Stanford CS25: Transformers United
斯坦福大学的 CS25 是一门极受欢迎的研讨型课程,聚焦于 Transformer 架构及其在各个领域的前沿应用。该课程没有Assignments,主要通过阅读论文和课堂讨论来深入理解 Transformer 的原理和应用。每节课都可以独立的观看,该课程已经从 V1(2023) 更新到了 V5(2025)。 有兴趣的同学可以挑自己感兴趣的部分来学习。
课程资源:
V5
Transformers for Video Generation
这节Lecture 主要介绍了MovieGen(Polyak et al. 2025),以及它的一个重要的发现:
Scaling simple transformer architectures (data, compute, parameters) works just as well for video as it does for text.
首先,第一件事就是如何学习视频的表示,在这里,他们是 Temporal Autoencoder,
[!info]
Spatio-Temporal Dimension is the common discription in the video. The spation mean the height and width of the Image (\(H \times W\)). And the Temporal is the time \(T\). Morden video model, such as Video GPT, TimeSformer, are all use patio-temporal tokens.
Upon use the Temporal Autoencoder, there are 8* compression across each spation-temporal dimension. For the 768px 16s 16fps video, if we model the pixel directly, it will get: more than 450M tokens, but if we use the Temporal Autoencoder, we will just get the 2M tokens, which is computationaly feasible.
Pre-Training Data Gather
- Visual Filtering:
- Resolution: minimum width or height of 720 px.
- Aspect Ratio:
- A mix of 60% landscape and 40% portrait videos.
- No Text: Use Video OCR model to remove the videos with text
Q1: Why not use specialized architectures like CNNs for video tasks (e.g., action diffusion in robotics)?
A: Specialized architectures like CNNs offer useful inductive biases for small-scale setups, but transformers scale better. At large scale, transformers can learn these biases themselves and benefit from established infrastructure. Meta found scaling transformers outperformed scaling CNNs for high-quality video generation.
Q2: Can this model architecture be used for 3D generation or video game content?
A: Yes. Once the data (e.g., 3D scenes, game environments) is tokenized into sequences, the transformer architecture becomes modality-agnostic. The key is to find a good encoding method to convert the data into discrete tokens.
Q3: Why are generated videos limited to 16 seconds? What’s the challenge with longer durations?
A: The main constraint is sequence length and computational cost. A 16-second video already produces ~73K tokens with compression.
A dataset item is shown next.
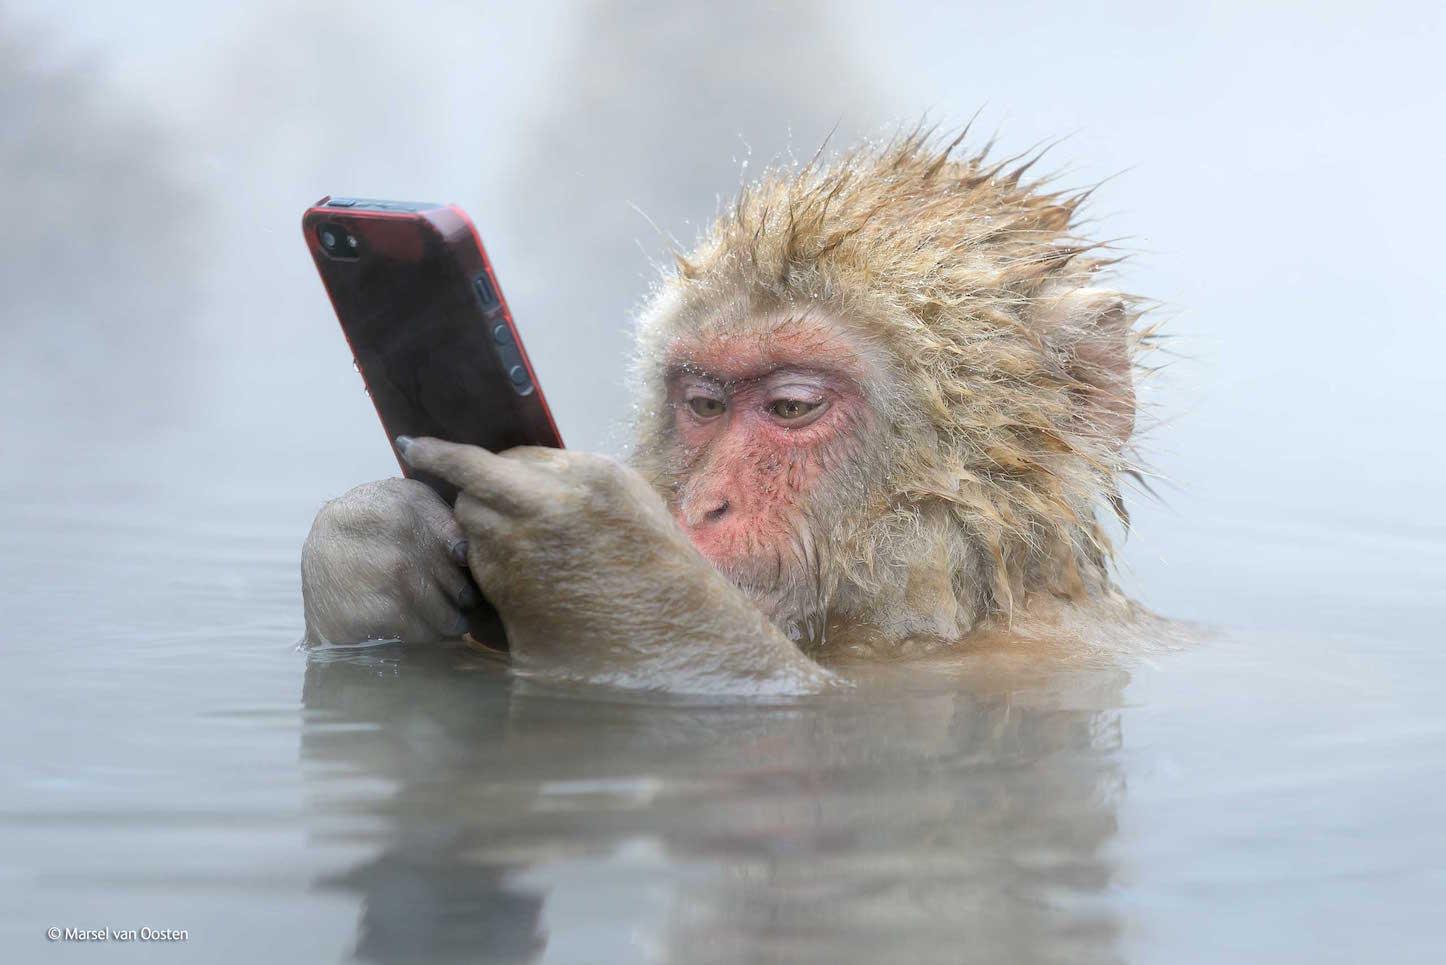 温泉につかりながらiPhoneをいじるニホンザル

Doubling the duration doubles the token count. Potential solutions include better compression, hierarchical generation, or chunked temporal generation.
Q4: What happens if we run out of clean training video data?
A: Two strategies:
1. Improve filtering and concept balancing pipelines, possibly with LLMs.
2. Use generated data in post-training phases, which is already common in language modeling (e.g., RLHF).
Q5: How can academic researchers contribute without access to large-scale compute for pretraining?
A: Academia plays a vital role in proposing new training objectives, architectures, and post-training methods. For example, flow matching originated in academic work. Innovations at small scale can influence large-scale industrial projects.
Q6: How do you ensure that the auto-generated captions (via LLaMA-3) are high quality?
A: Meta trained a dedicated LLaMA-3-based video captioner. Limitations include frame subsampling (not all frames seen) and imperfect descriptions. Improving caption quality can directly enhance generation performance.
Q7: What text encoders are used, and how important is the choice?
A: MovieGen uses three frozen encoders: UL2, MetaCLIP, and T5. Surprisingly, decoder-only models (like LLaMA or GPT) perform worse for this use case. Models aligned with vision (like CLIP) work better for multimodal tasks.
Q8: Can the model handle long, detailed prompts describing multi-step actions?
A: It can handle basic sequences, but struggles with detailed, multi-event scripts. This may stem from the limited detail and sequencing in pretraining captions.
Q9: Can physics priors be hardcoded to improve realism (e.g., car collisions)?
A: The project intentionally avoids inductive biases, but injecting physics knowledge (e.g., from game engine data) could help. It’s a promising direction for future research.
Q10: Is there any work on watermarking to prevent misuse like deepfakes?
A: Yes. Meta and other groups like DeepMind are actively working on video watermarking techniques for authenticity and safety.
Q11: Why include GAN discriminators in the VAE decoder?
A: GAN losses encourage perceptual realism and allow more aggressive compression. This technique, inspired by VQGAN, helps produce sharper and more varied reconstructions than simple L1 pixel-level losses.
Q12: How do you prevent fake/generated content from polluting the training data?
A: Meta applies strict filtering to ensure high-quality real content. That said, generated data isn’t always harmful—many post-training techniques (e.g., SFT, RLHF) rely on synthetic outputs. The key is quality control.